Abstract
Abstract
Cognitive biases have previously been recognized as key mechanisms that contribute to the development, maintenance, and relapse of addictive behaviors. The same mechanisms have been recently found in problematic computer gaming. The present study aims to investigate whether excessive massively multiplayer online role-playing gamers (EG) demonstrate an approach bias toward game-related cues compared to neutral stimuli; to test whether these automatic action tendencies can be implicitly modified in a single session training; and to test whether this training affects game urges and game-seeking behavior. EG (n = 38) were randomly assigned to a condition in which they were implicitly trained to avoid or to approach gaming cues by pushing or pulling a joystick, using a computerized intervention (cognitive bias modification via the Approach Avoidance Task). EG demonstrated an approach bias for gaming cues compared with neutral, movie cues. Single session training significantly decreased automatic action tendencies to approach gaming cues. These effects occurred outside subjective awareness. Furthermore, approach bias retraining reduced subjective urges and intentions to play, as well as decreased game-seeking behavior. Retraining automatic processes may be beneficial in changing addictive impulses in EG. Yet, large-scale trials and long-term follow-up are warranted. The results extend the application of cognitive bias modification from substance use disorders to behavioral addictions, and specifically to Internet gaming disorder. Theoretical implications are discussed.
Introduction
M
Many studies indicated that neuro-bio-psychosocial signs of excessive Internet/online gaming parallel characteristics of substance and behavioral addictions, mainly pathological gambling.10–12 For example, brain structural and functional correlates of excessive gaming, such as changes in reward-learning circuitry and abnormalities in frontal brain regions that are believed to be responsible for cognitive control and control of inhibition resemble those found in problematic alcohol users.13–15 Symptoms include behavioral and cognitive salience, mood modification, tolerance, withdrawal, preoccupation, relapse, and craving.9,16,17 Excessive MMORPGers (EG) also express high novelty-seeking, risk-taking tendency and low self-esteem,18–20 and suffer significant psychological and health negative consequences.11,21 Therefore, the DSM-5 committee, considering substance use and addictive disorders, proposed diagnostic criteria of Internet gaming disorder (IGD), thus providing scientists and clinicians with a consistent classification for research that will enable IGD to be included in future versions of the DSM.22–24
Impulsivity, a central factor involved in the etiology of addictive behaviors, has been reported to be associated with and predict IGD.25–27 Several other aspects of compromised executive functions—for example impaired response inhibition, error processing, cognitive flexibility, decision making, and attentional bias for gaming-related stimuli—have been recently reported in EG.25,28–35
It is suggested that the dual process perspective of addiction14,36,37 may apply to IGD. Accordingly, impaired executive function and diminished cognitive control over reward-seeking motivational drives contribute to unconscious automatic processes that lead to persistent online gaming, despite reflective knowledge of the negative consequences.10,38 Cognitive biases (e.g., attentional and approach biases) are thought to be part of the cue-reactivity process, integral to the development and maintenance of addiction. When addicts are exposed to addiction-related cues, an automatic process occurs that manifests as physiological arousal, subjective craving, and cognitive biases.39–41 Indeed, IGD, much like substance use disorders, shows a cue-induced brain craving response11,42,43 and attentional bias toward addiction-related cues.25,33,35 However, to date, no research has investigated the process of approach bias, an automatically activated action tendency to approach addiction-related stimuli, 44 in IGD.

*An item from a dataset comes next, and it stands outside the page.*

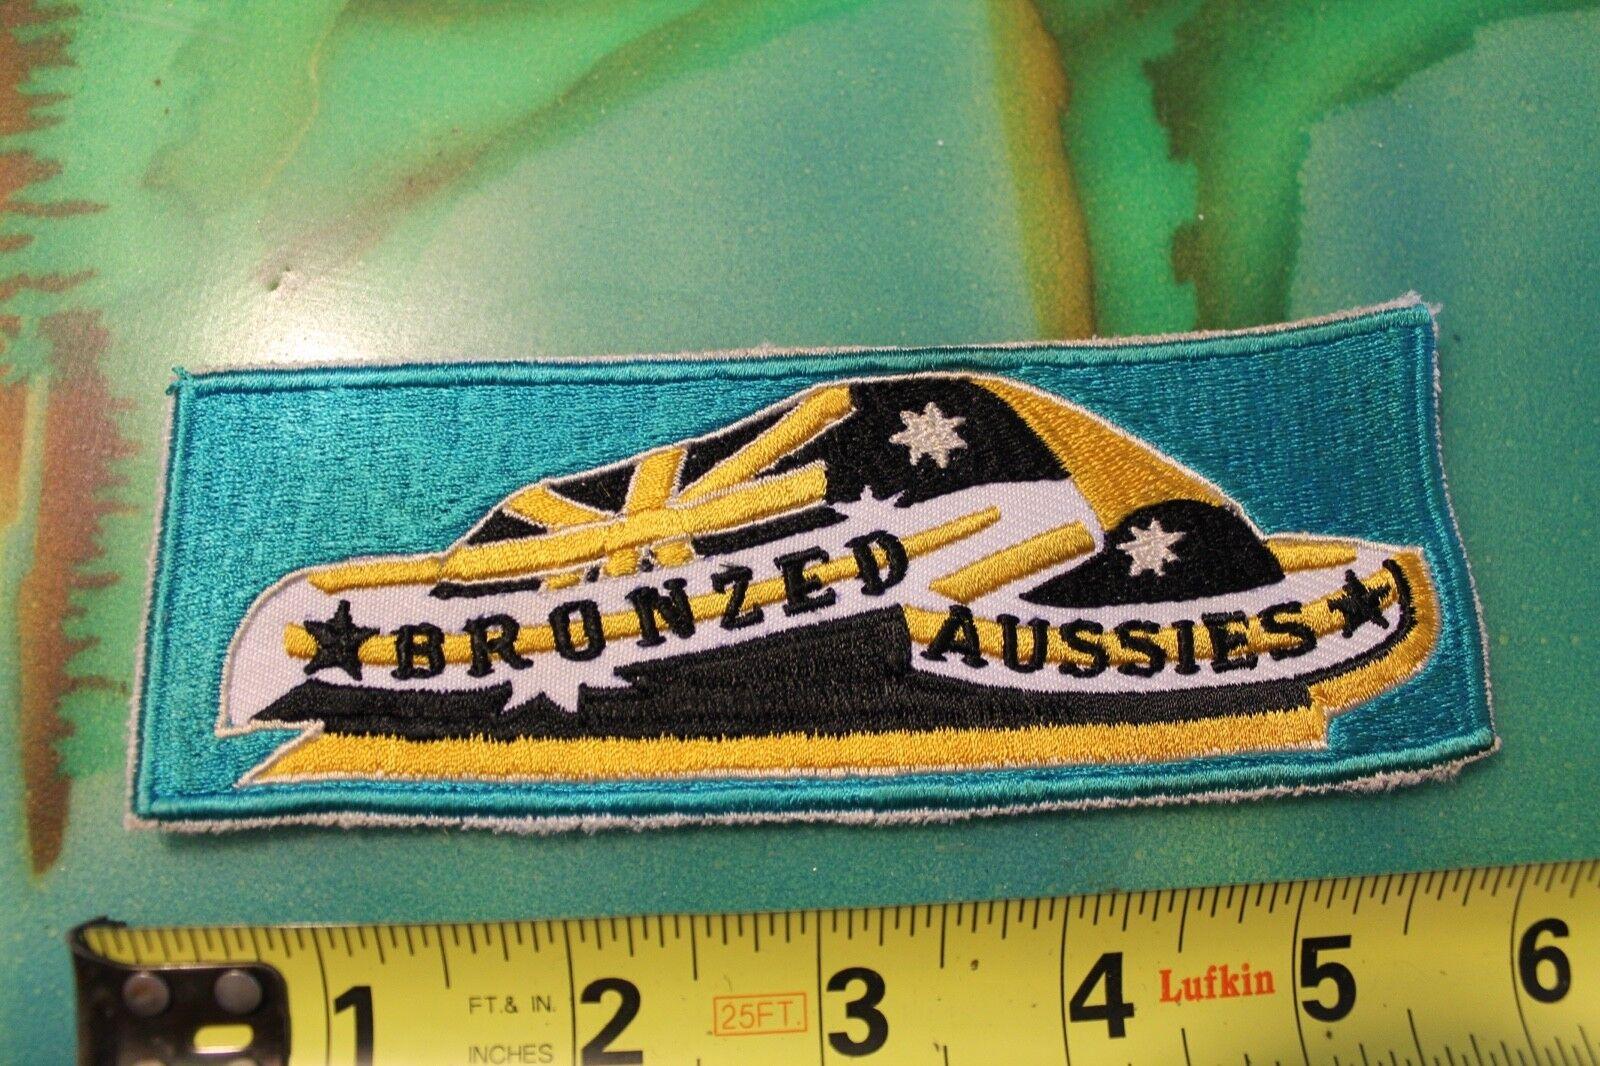 Bronceado australianos Tablas De Surf Australia AUS Original Vintage Década de 1970 Surf Parche

Cognitive bias modification (CBM) refers to procedures designed to change particular styles of cognitive processing that are thought to contribute to the development and maintenance of undesirable emotional reactions or disorders (e.g., anxiety), using systematic practice in an alternative processing style via computer-based tasks. 45 CBM experiments have demonstrated that biased cognitive processes of attention and interpretation can reliably be modified, although research on the effectiveness of attention CBM on decreasing emotional reactivity in clinical populations is limited and still in its early stage.46–48
CBM programs have been developed to target disorder-specific maladaptive cognitive processes in addiction, either through strengthening control processes 49 or through changing biases in attention and action tendencies. 36 In the alcohol Approach Avoidance Task (AAT), participants are instructed to pull or push a joystick in response to a stimulus feature (picture position) unrelated to the pictures' content. Using a retraining variety of this task, participants are trained to avoid alcohol indirectly by pushing alcohol pictures away while responding to picture position. It was demonstrated that alcohol approach bias could be modified using a single session retraining version of this task. 50 Moreover, in randomized controlled trials with alcohol-dependent patients,51,52 avoid trained patients not only reduced immediate approach bias but relapsed 10–13% less often than control patients in the following year.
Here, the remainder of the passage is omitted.